Whatever your particular pearl of wisdom, it’s important to realize two things:

1. Criticism is a valuable, necessary and sometimes incredibly beautiful part of life. Often it is something that you need to hear, that will help you to grow. Treasuring criticism as a true gift in your life, a way to become stronger, smarter, better at what you do and how you do it will allow you to continue moving forward and take away a good deal of the shame which may surround the criticism.

If your parents, teachers, employers, friends and significant others never addressed anything with you which needed adjustment or growth, you would not develop. It’s simply not possible to learn everything you need to learn without trying and coming up against things you need to do differently, and in this regard, criticism is your ally, it assists you.

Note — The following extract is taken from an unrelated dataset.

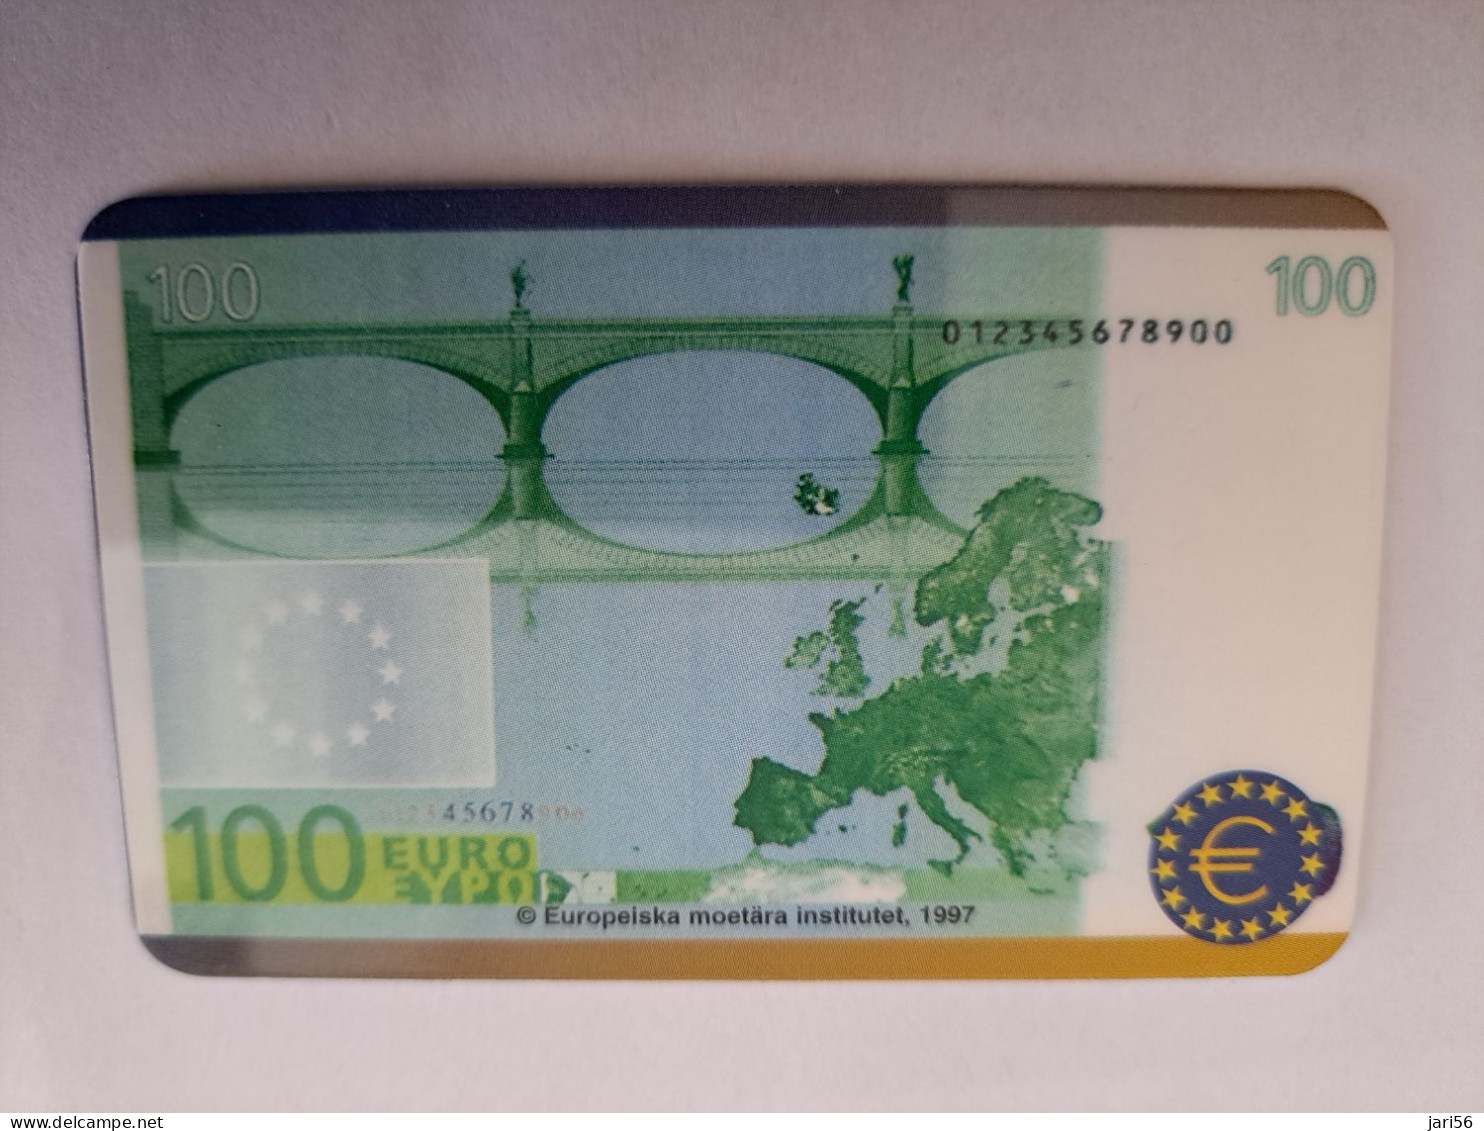 GREAT BRITAIN   20 UNITS   / EURO COINS/ BILJET 100 EURO    (date 09/ 98)  PREPAID CARD / MINT      **13308** - Verzamelingen

2. Criticism is, especially as you grow older, yours to do with what you will. As a child and teen, and even as a young adult, we react rather than respond to criticism. We feel emotion about it, we either hurry to correct or become defensive. In either case we don’t turn it over or toss it out very easily.

As we grow and mature, it becomes both easier and more important to use our own best judgment when a criticism is thrown our way. We can ask ourselves certain questions, such as “Is this criticism being tossed over at me for the genuine, authentic purposes of really helping me become better at what it is I’m doing or not?” We begin to see that in certain instances we simply don’t agree with the criticism and choose not to incorporate it into our routine.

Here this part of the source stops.